Good UK trade policy should start at home



The trade agreement concluded in principle between Great Britain and Australia will establish the basis for the independent trade policy of the United Kingdom. It will be the first deal – excluding the post-Brexit deal with the EU – that does not replace a treaty the UK has benefited from as a member of the bloc. The arrangements will therefore establish a framework for further trade negotiations, showing what the UK is prepared to give to achieve its goals. Equally important, however, is the unfortunate precedent it sets in the management of the country’s trade policy.

The 2016 referendum on the UK’s accession to the EU demonstrated not only resentment over the economic effects of globalization, but also its struggles against political legitimacy. The British, said David Cameron when he announced in 2013 that he would call for an in-out referendum, had “seen treaty after treaty change the balance between member states and the EU.” And note that they never had a say. Yet this latest chapter in British trade policy is being written again behind closed doors.

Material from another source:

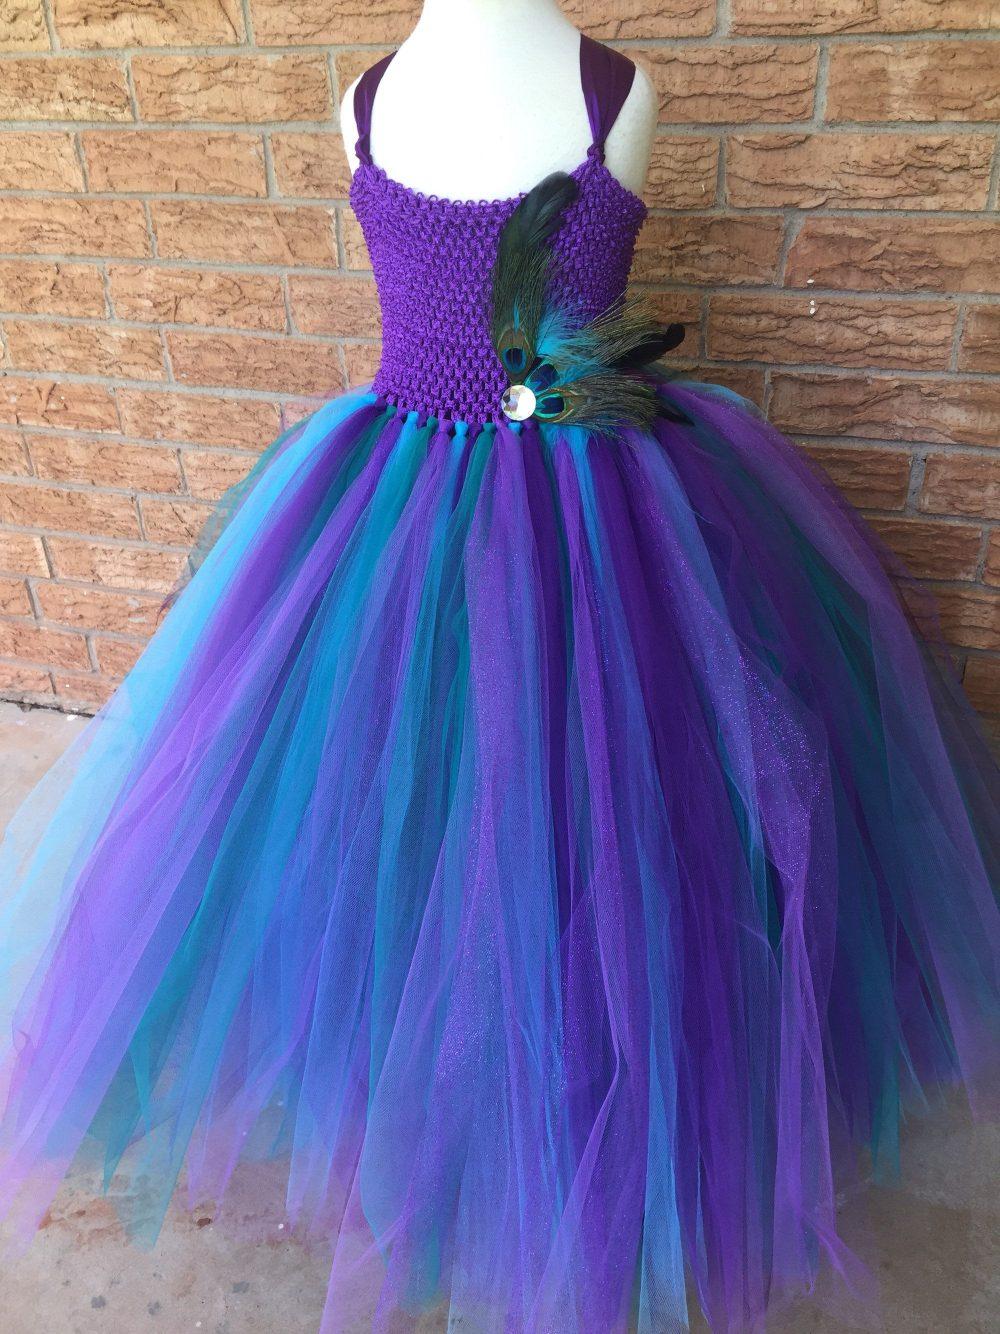 Purple Plum Peacock Wedding, Flower Girl Dress, Teal Tutu Tulle Peacock Theme

There has been little parliamentary scrutiny of the Australia trade deal or attention given to interested parties. The most controversial aspect is its impact on farmers who fear facing competition over prices and standards from Australian producers on an industrial scale while being asked to absorb the costs of the green transition. Many Conservative backbenchers, as well as those from opposition parties, agree. Even cabinet members would be divided, with the Department of International Trade on one side and the Department of Environment, Food and Rural Affairs on the other.

It is the norm in the UK, and indeed in many other countries, for the executive to have a free hand in international negotiations. The making of treaties in Britain is a “prerogative power”, or a power exercised by the government on behalf of the Queen; no parliamentary approval is required. Treaties must be ratified but cannot be changed. Even if parliament rejects a treaty, it only starts the clock again; the government can submit it several times to parliamentary assent.

Prime Minister Boris Johnson has agreed on the main lines of the deal with his Scottish salmon and Welsh lamb counterpart, but decentralized administrations have no say. Not being responsible for its content, the Scottish National Party will have an interest in raising fear over the impact of the deal on Scottish farmers. The Northern Irish protocol, agreed with the EU as part of the Withdrawal Agreement, will mean trade deals will not fully apply to the province.

There is a balance to be found. Negotiations require a country to present a united front and speak with one voice. Yet parliamentary buy-in as well as improved transparency and broader political support are essential for the deals to come to fruition. The Swiss government has struck a deal with the EU to improve relations with the bloc, but domestic critics have separated it. In the UK’s Brexit negotiations, the lack of national consensus on what the future relationship should look like has been the biggest obstacle to reaching a deal.

Suppressing disagreements will not make them go away. A suggested 15-year transition period during which the arrangements gradually come into force may limit political difficulties but will even reduce the limited benefits of the deal – estimated to add 0.01 to 0.02 percent to UK national income . The Australian deal is a prize for a government that valued independent trade policy so much that it was prepared to put a border in the Irish Sea. It is also a reminder that the most important negotiations are those that take place at home.